Anchors are written automatically after successful completion of `research-milestone`, `research-slice`, `plan-milestone`, and `plan-slice` units. No configuration needed.
## Prompt Compression
*Introduced in v2.29.0*
GSD can apply deterministic prompt compression before falling back to section-boundary truncation.

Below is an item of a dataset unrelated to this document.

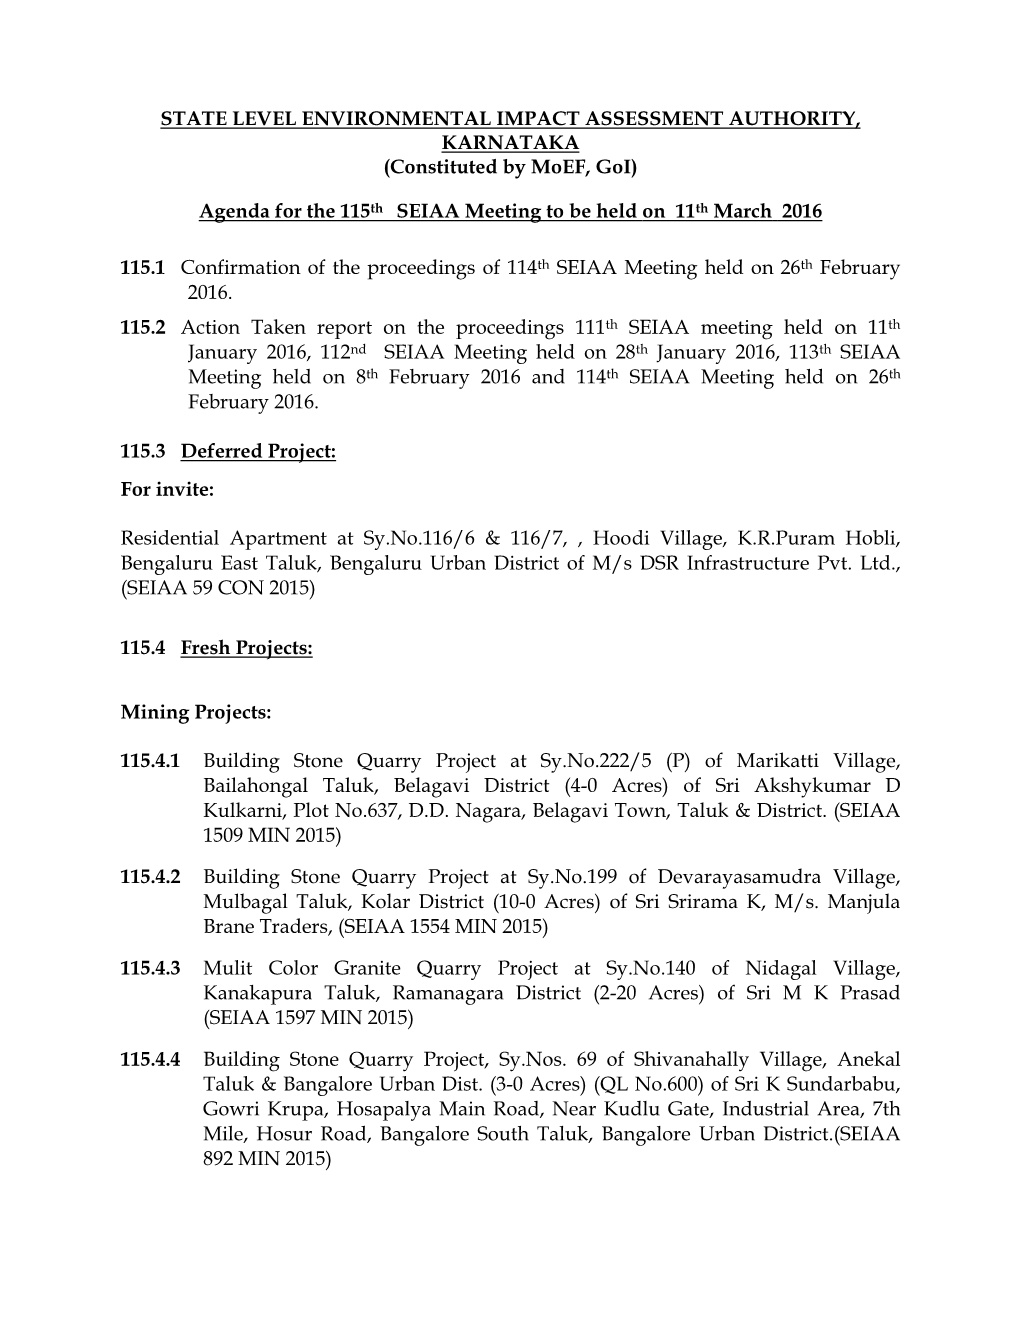 Agenda for the 115Th SEIAA Meeting to Be Held on 11 Th March 2016

This preserves more information when context exceeds the budget.
### Compression Strategy
Set via preferences:
```yaml
---
version: 1
compression_strategy: compress
---
```
Two strategies are available:
| Strategy | Behavior | Default For |
|----------|----------|------------|
| `truncate` | Drop entire sections at boundaries (pre-v2.29 behavior) | `quality` profile |
| `compress` | Apply heuristic text compression first, then truncate if still over budget | `budget` and `balanced` profiles |
Compression removes redundant whitespace, abbreviates verbose phrases, deduplicates repeated content, and removes low-information boilerplate — all deterministically with no LLM calls.
### Context Selection
Controls how files are inlined into prompts:
```yaml
---
version: 1
context_selection: smart
---
```
| Mode | Behavior | Default For |
|------|----------|------------|
| `full` | Inline entire files | `balanced` and `quality` profiles |
| `smart` | Use TF-IDF semantic chunking for large files (>3KB), including only relevant portions | `budget` profile |
### Structured Data Compression
At `budget` and `balanced` inline levels, decisions and requirements are formatted in a compact notation that saves 30-50% tokens compared to full markdown tables.
### Summary Distillation
When a slice has 3+ dependency summaries and the total exceeds the summary budget, GSD extracts essential structured data (provides, requires, key_files, key_decisions) and drops verbose prose sections before falling back to section-boundary truncation.
### Cache Hit Rate Tracking
The metrics ledger now tracks `cacheHitRate` per unit (percentage of input tokens served from cache) and provides `aggregateCacheHitRate()` for session-wide cache performance.